⟨

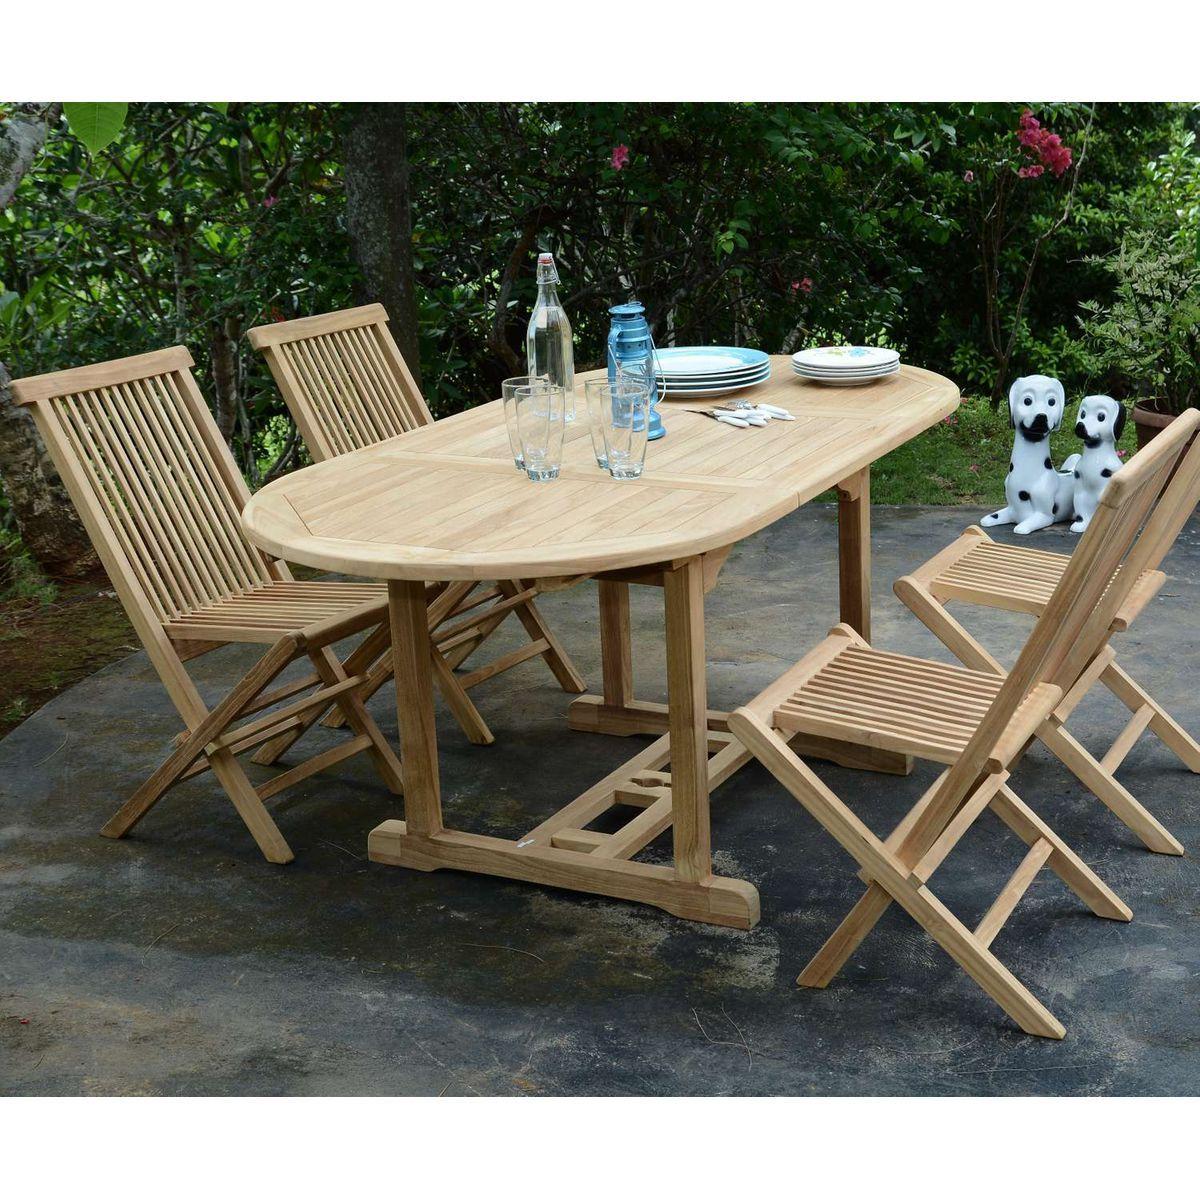 Salon De Jardin En Teck Ecograde Hawai, Table Extensible ... encequiconcerne Salon De Jardin Hawai
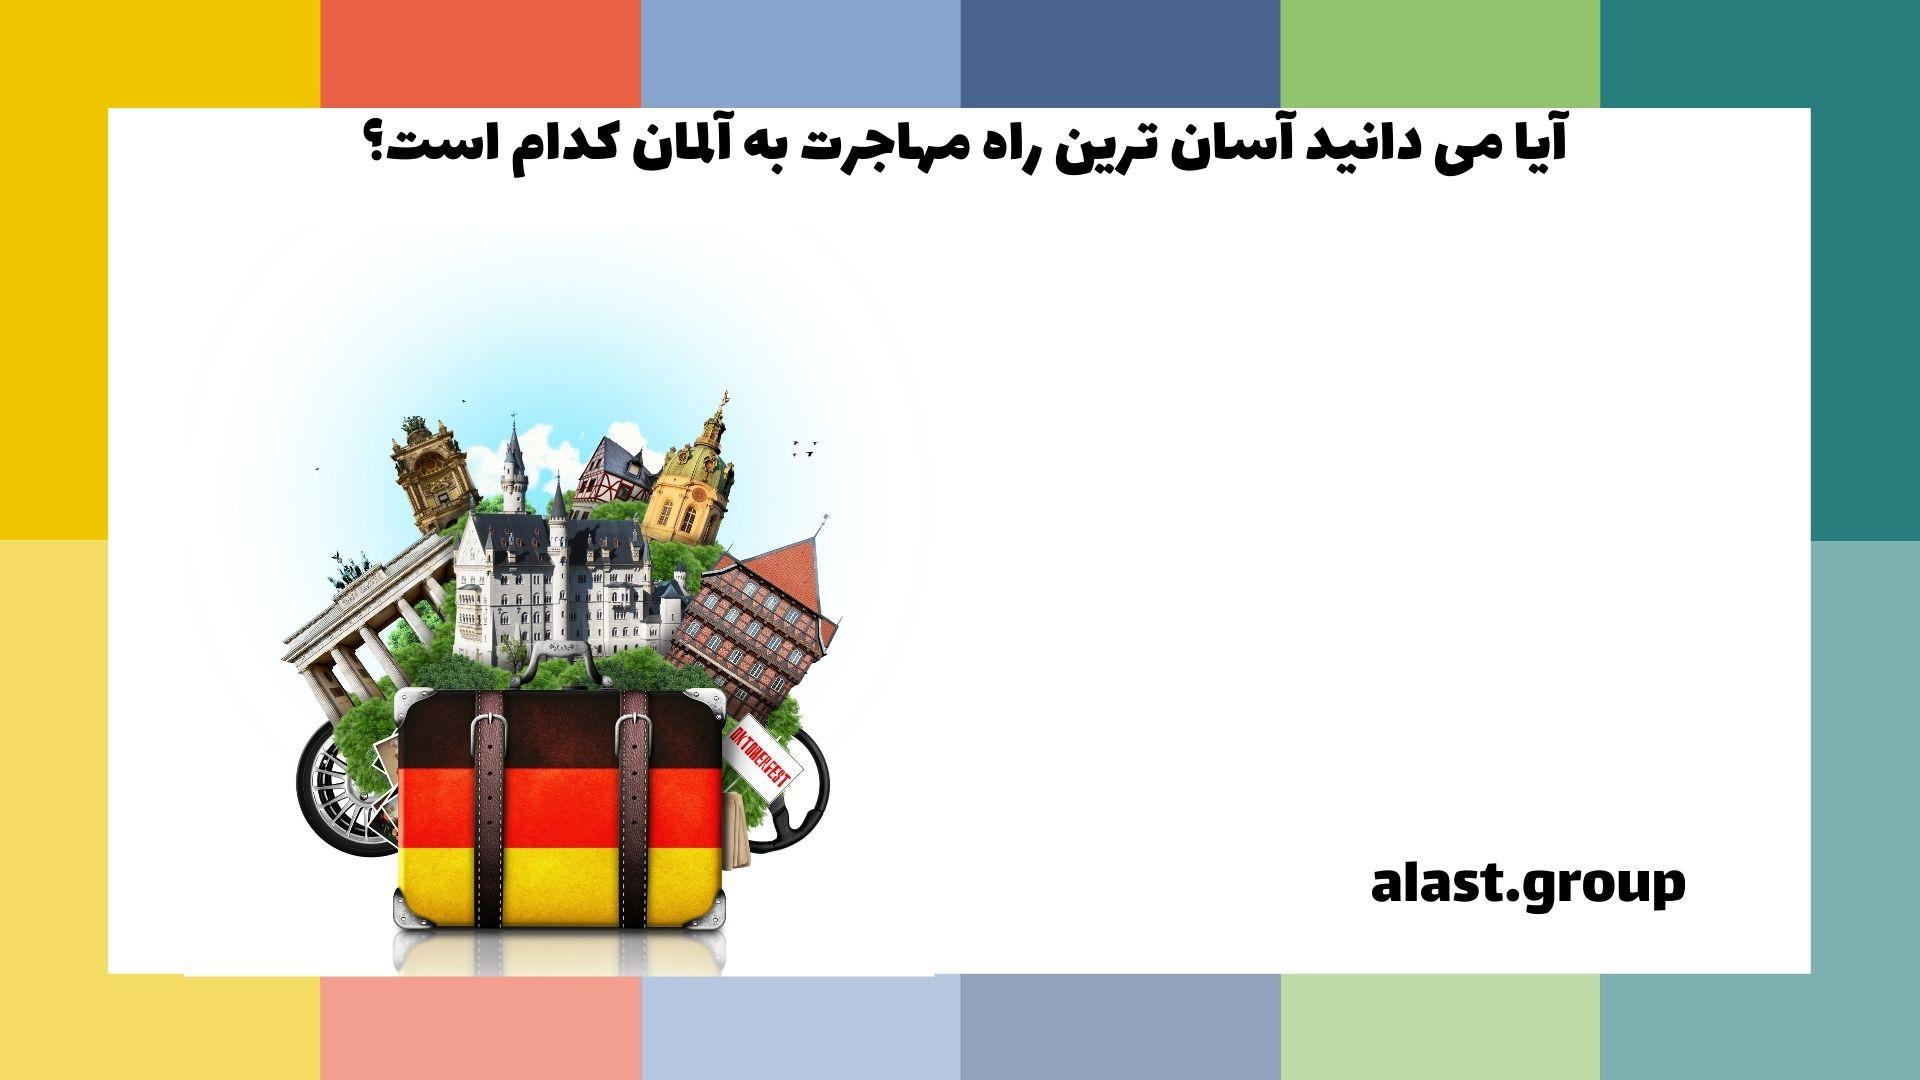 آیا می دانید آسان ترین راه مهاجرت به آلمان کدام است؟
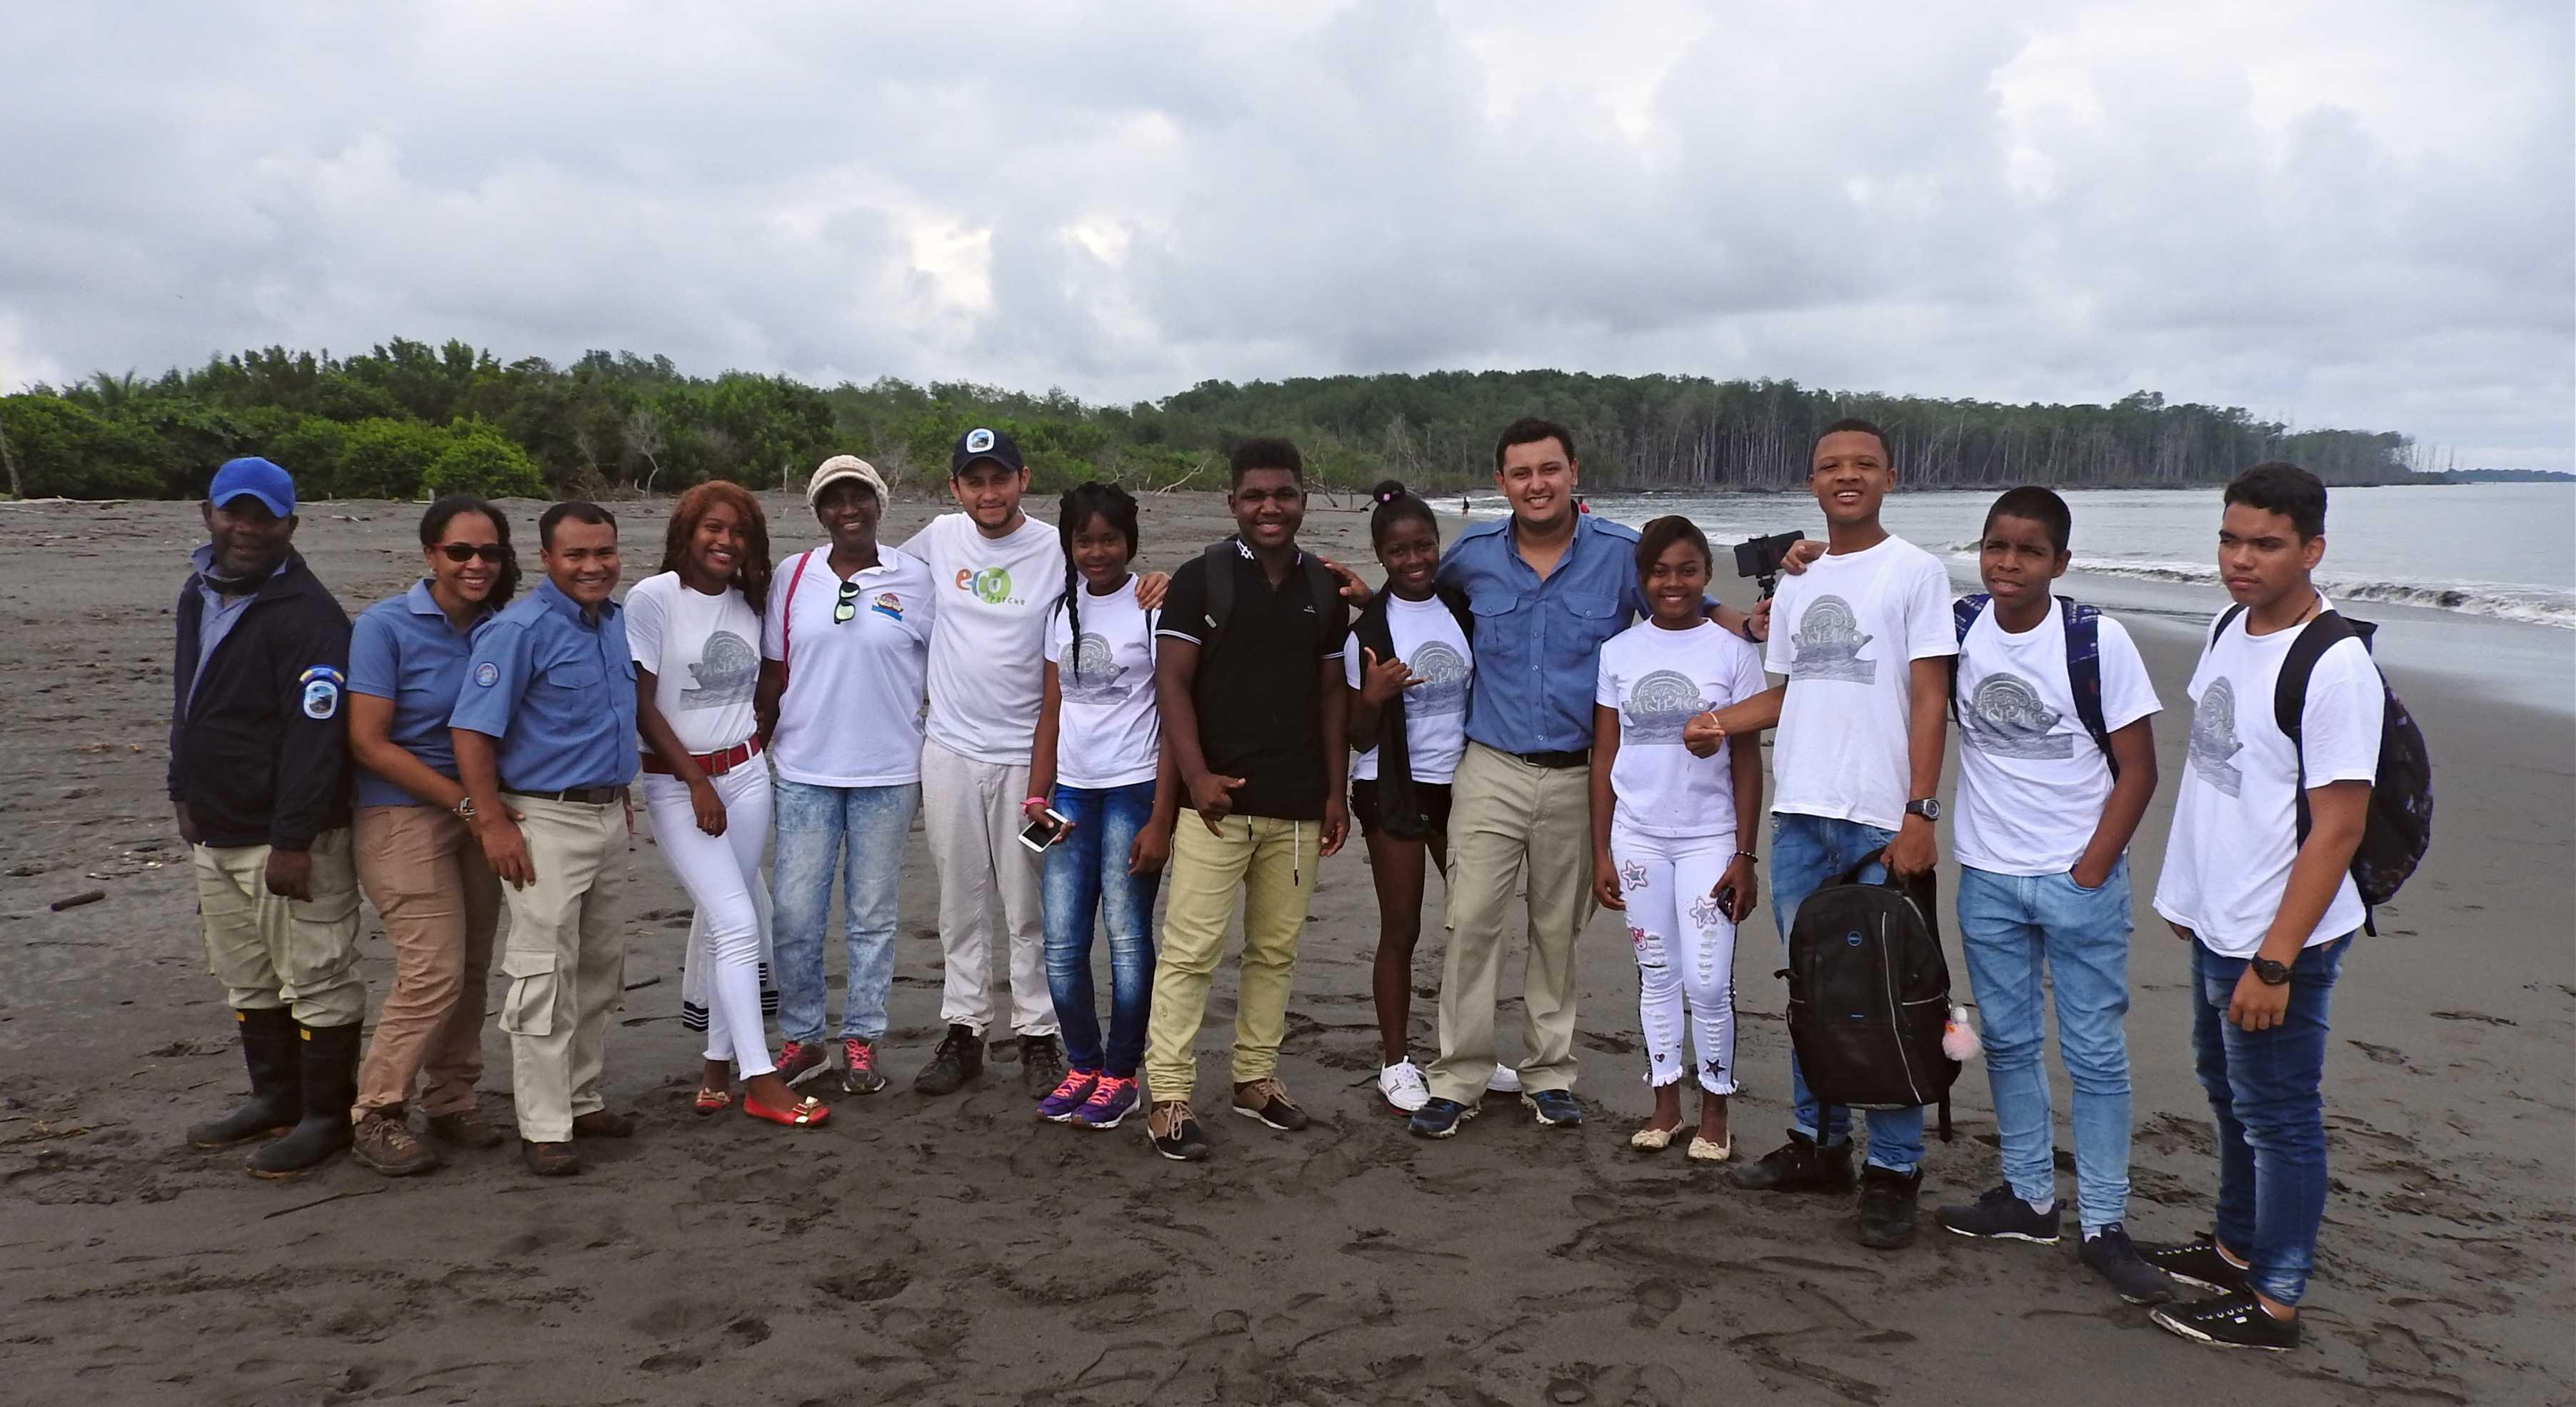 historias/nario/liderazgo-juvenil-en-el-pacifico

⟩

**ACTIVITY**
Where the material contains pictures, leave them out and copy the rest verbatim.

**RESPONSE BOX**
 Salon De Jardin En Teck Ecograde Hawai, Table Extensible ... encequiconcerne Salon De Jardin Hawai
 آیا می دانید آسان ترین راه مهاجرت به آلمان کدام است؟
 historias/nario/liderazgo-juvenil-en-el-pacifico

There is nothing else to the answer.